## Available data
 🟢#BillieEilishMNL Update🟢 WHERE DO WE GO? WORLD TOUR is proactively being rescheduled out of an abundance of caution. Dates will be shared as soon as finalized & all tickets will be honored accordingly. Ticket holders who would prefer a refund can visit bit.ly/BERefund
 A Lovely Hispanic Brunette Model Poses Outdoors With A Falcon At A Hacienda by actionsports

--

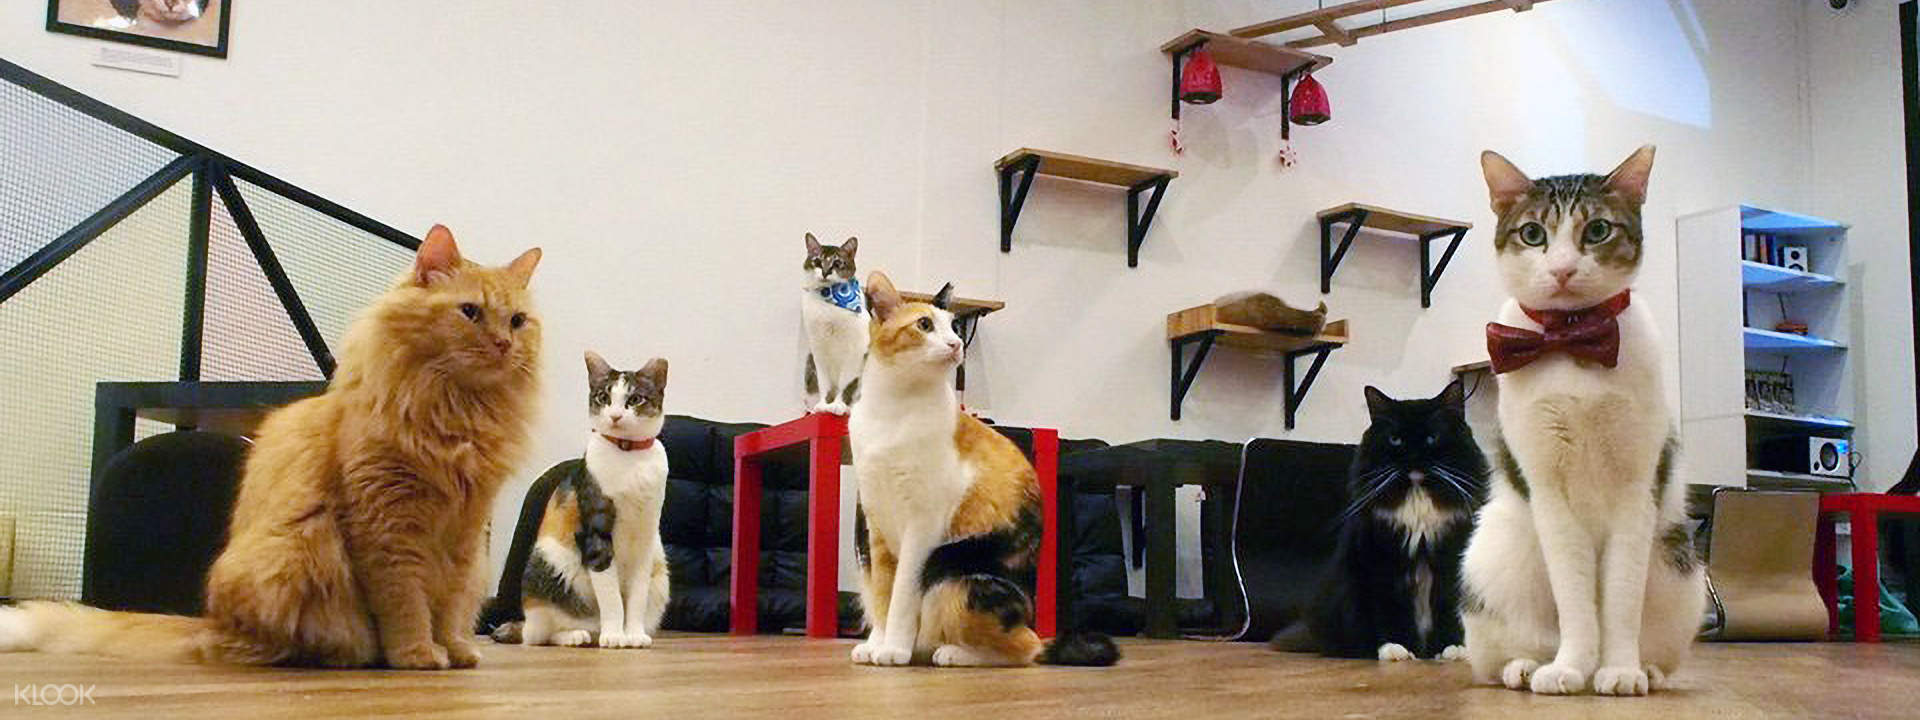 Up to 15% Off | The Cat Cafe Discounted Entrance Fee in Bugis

* * *

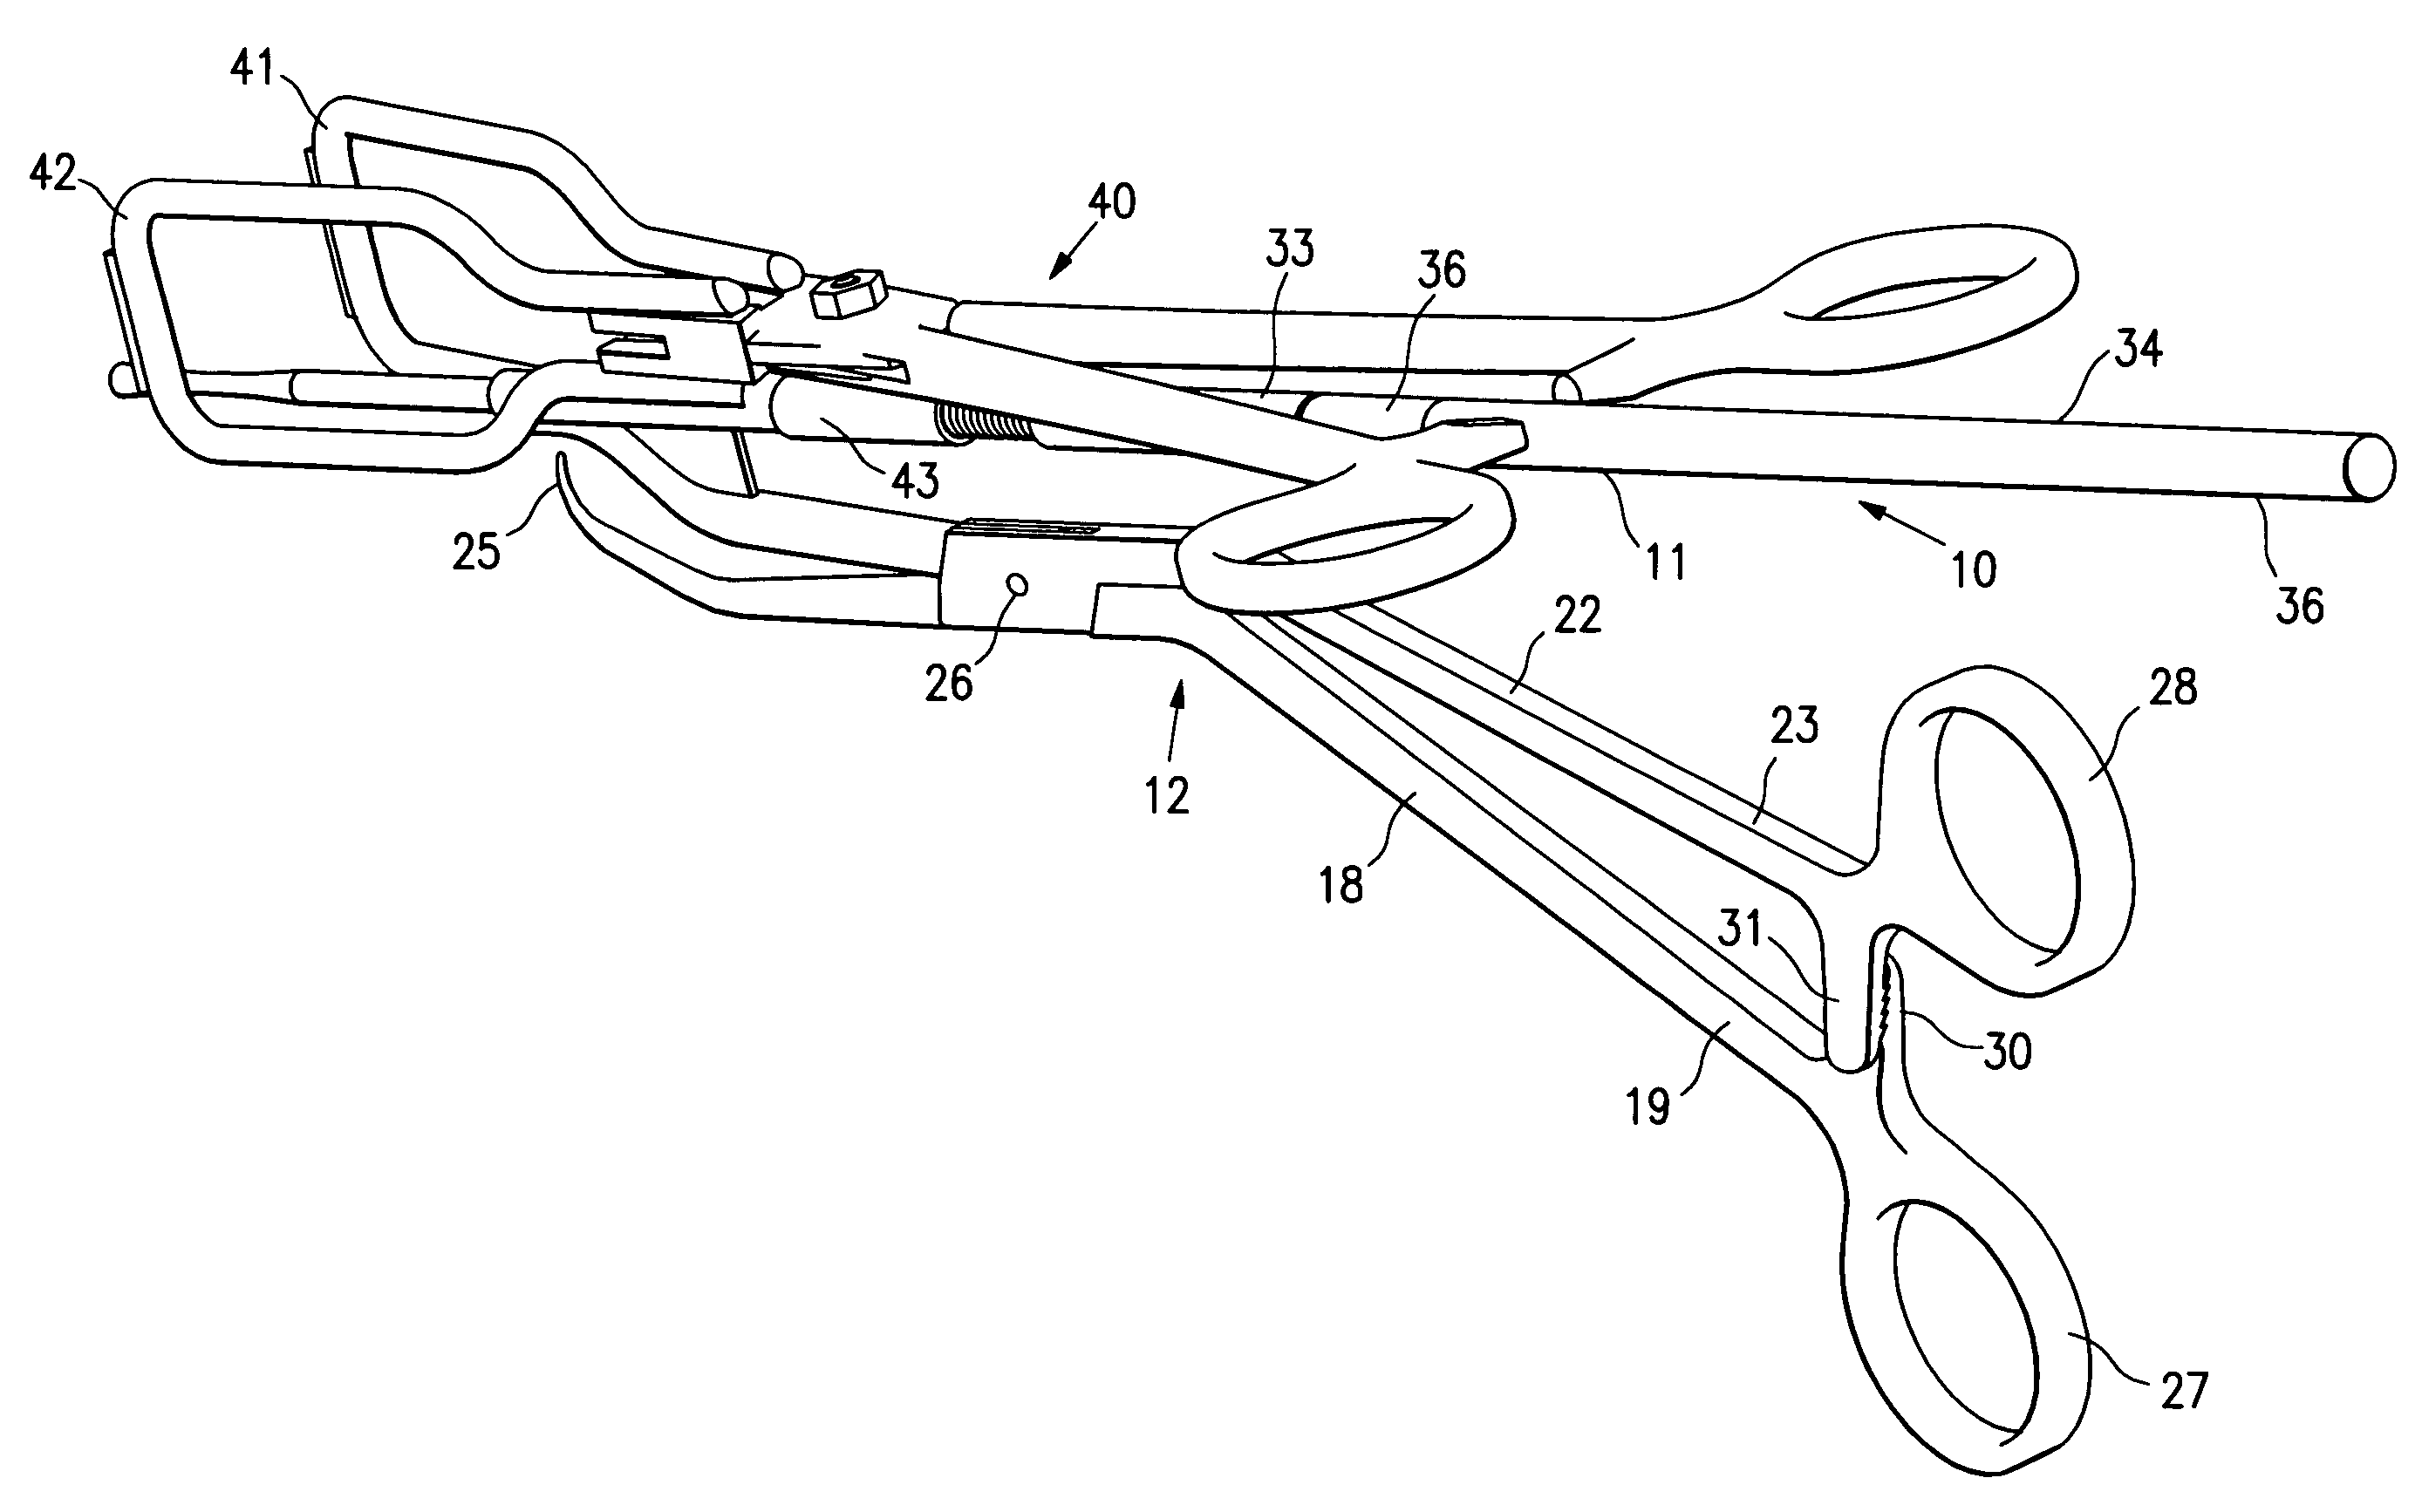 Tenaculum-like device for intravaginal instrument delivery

## Exercise brief
Print exactly the lines above from the one with "refund can visit bit.ly/BERefund" to the one with "A Lovely Hispanic", including both.

## Solution to this problem
 🟢#BillieEilishMNL Update🟢 WHERE DO WE GO? WORLD TOUR is proactively being rescheduled out of an abundance of caution. Dates will be shared as soon as finalized & all tickets will be honored accordingly. Ticket holders who would prefer a refund can visit bit.ly/BERefund
 A Lovely Hispanic Brunette Model Poses Outdoors With A Falcon At A Hacienda by actionsports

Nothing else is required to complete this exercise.